Sem necessidade de nos aprofundarmos aqui, basta sabermos que ontologia é um subcampo de metafísica. Isto é, o atrito surge então entre metafísica da filosofia marxista e da filosofia islâmica, ou seja, temos um conflito que é essencialmente filosófico. Este é um exemplo de um único pensador e uma única religião, mas acredito que é fácil de perceber a generalização que podemos fazer do atrito existente entre o marxismo e qualquer outra religião em geral, uma vez que cada religião (ou mesmo cada vertente de uma mesma religião) terá sua própria concepção metafísica do mundo.
Uma questão imediata deve surgir agora na mente de quem está acompanhando esta tribuna: há solução para este atrito? Eu não tenho a resposta, e esta é uma das razões pela qual acredito que é necessário fomentar o estudo filosófico em nossas fileiras. Mais de 90% da população brasileira declara ter religião, é necessário refletirmos sobre marxismo e a religião de uma forma mais adulta e matura.
A curto prazo, Lenin nos disse:
“A unidade desta luta realmente revolucionária da classe oprimida pela criação do paraíso na terra é mais importante para nós do que a unidade de opiniões dos proletários sobre o paraíso no céu.”
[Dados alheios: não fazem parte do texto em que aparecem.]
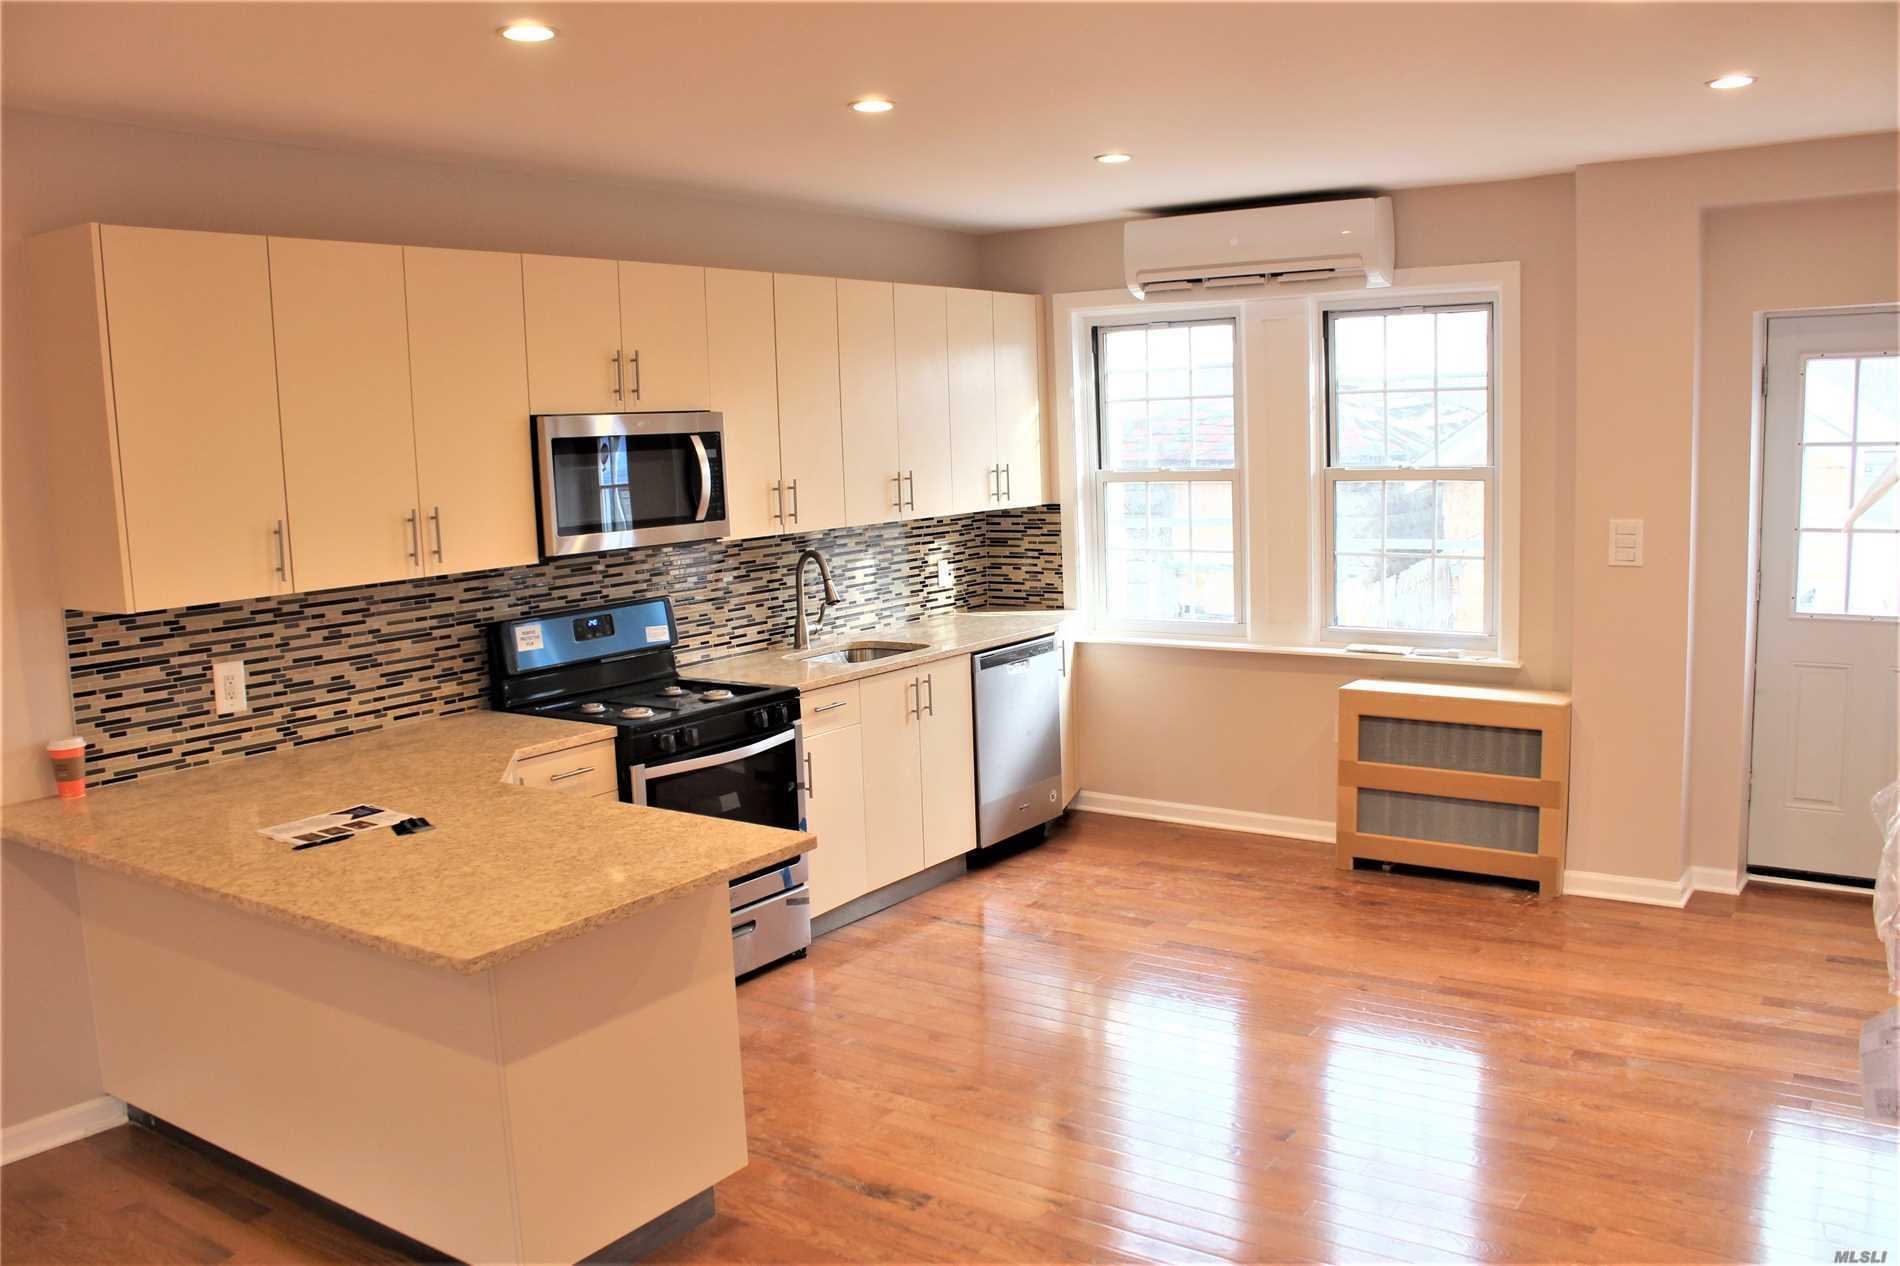 205-16 118th Ave Cambria Heights, NY 11411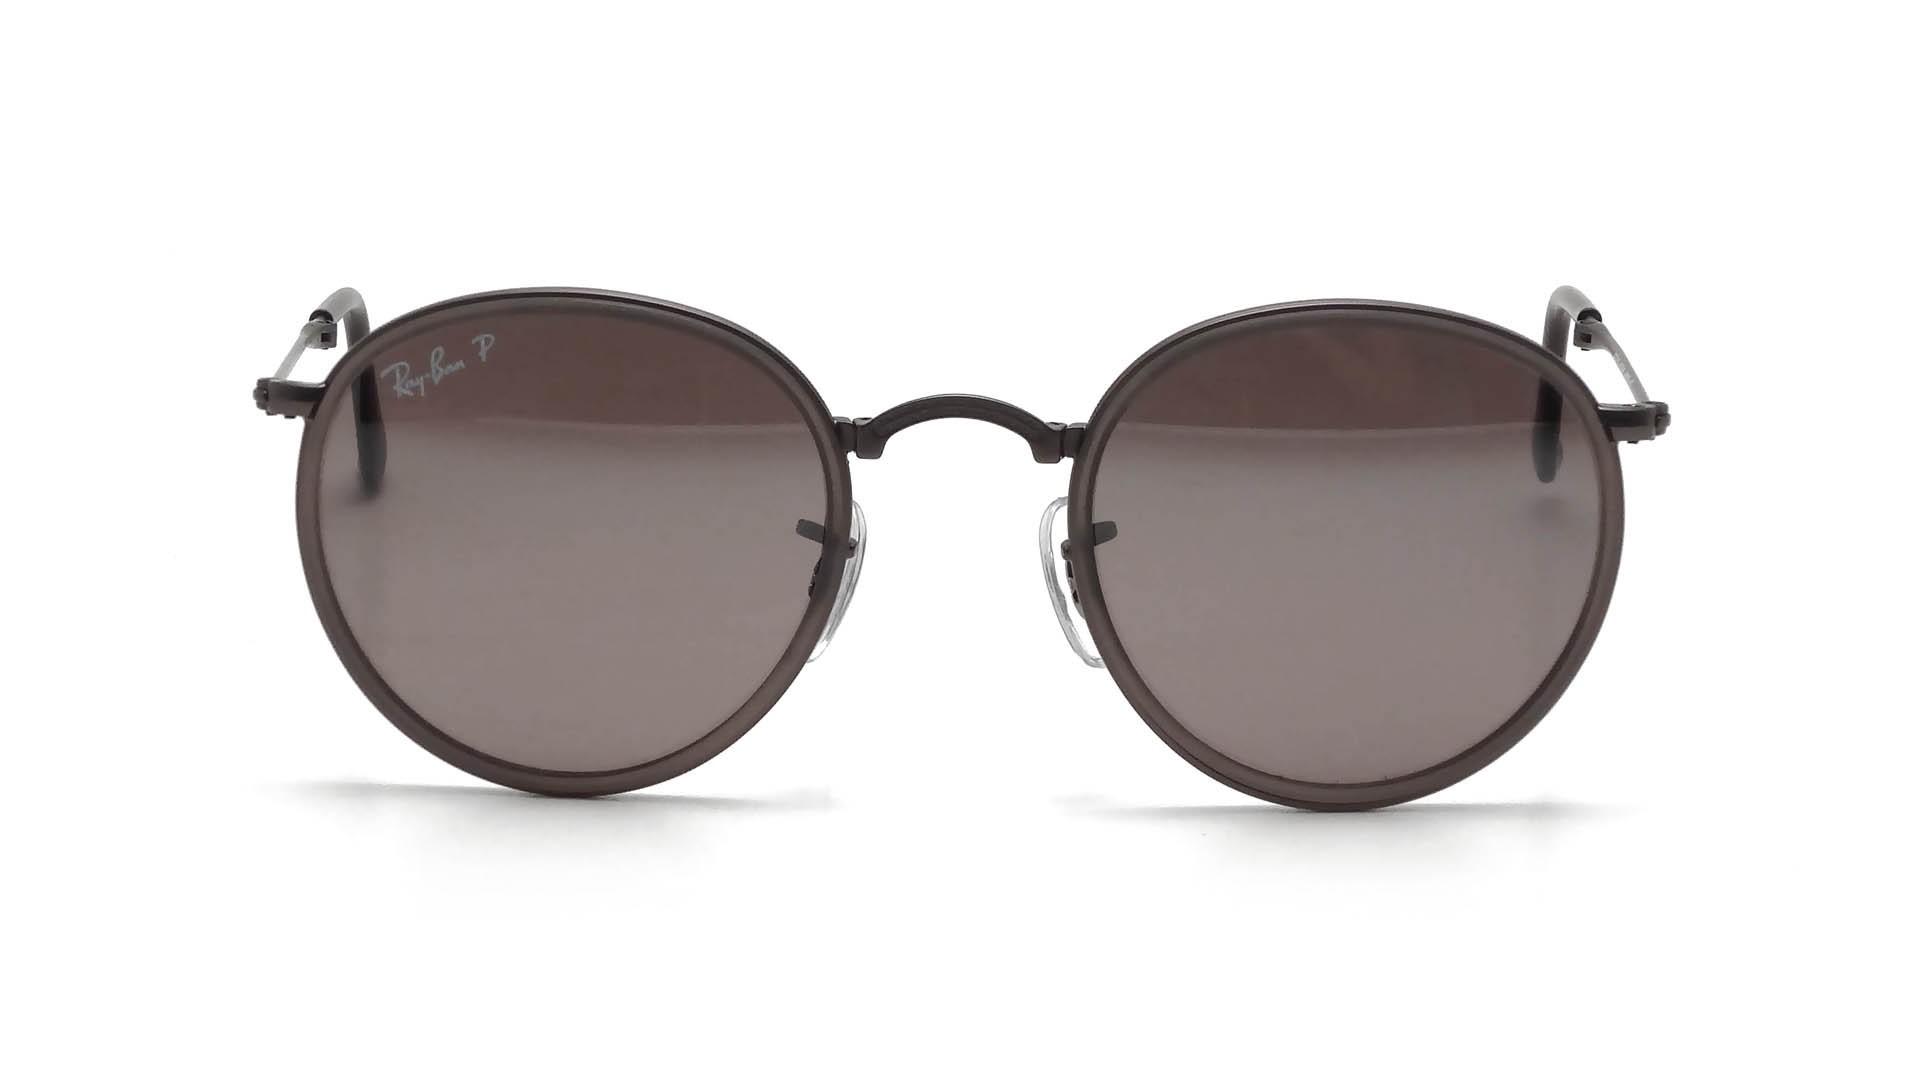 d717cf2cf8c Ray Ban Wayfair Sunglasses Celebrities Finders « Heritage Malta

Porém a longo prazo, eu creio ser necessário que nos debruçamos mais profundamente sobre estes tópicos a fim de resolvermos e/ou esclarecermos qualquer atrito filosófico que possa existir de forma clara, e então consigamos construir uma experiência socialista sólida dada nossa própria realidade.
Para concluir, esta discussão nos leva a um último tópico. Fayyadl analisa as três facetas do marxismo que lhe foi apresentado e identifica o conflito filosófico dito anteriormente. Porém esta é a única filosofia marxista possível? Há alguma outra no qual não existe este atrito? Ou melhor, como podemos saber dentre diferentes concepções filosóficas do mundo qual é a correta? As conhecidas leis da dialética não aparecem em Marx, e aparecem em forma e quantidade diferentes em Engels, Stálin e Mao. Ingo Elb em um conhecido texto no meio marxista, faz uma distinção entre o que chama de marxismo, descrito como a “a interpretação até então predominante de Marx, principalmente aquela partidária-oficial” e o que chama de marxismos como “formas críticas e dissidentes de recepção de Marx”.
Se podem existir diferentes concepções de mundo, não apenas diferentes entre a filosofia marxista e outros sistemas filosóficos, mas se existem até mesmo diferentes marxismos, como podemos saber então, qual destes sistemas filosóficos é o correto? Como podemos resolver um conflito filosófico? Konder em sua obra, O que é dialética, nos responde:
“Como é que eu posso ter a certeza de que estou trabalhando com a totalidade correta, de que estou fazendo a totalização adequada à situação em que me encontro? A única resposta possível a esta pergunta se arrisca a ser decepcionante: não há, no plano puramente teórico, solução para o problema. A teoria é necessária e nos ajuda muito, mas por si só não fornece os critérios suficientes para estarmos seguros de agir com acerto. Nenhuma teoria pode ser tão boa a ponto de nos evitar erros. A gente depende, em última análise, da prática - especialmente da prática social - para verificar o maior ou menor acerto do nosso trabalho com os conceitos (e com as totalizações).”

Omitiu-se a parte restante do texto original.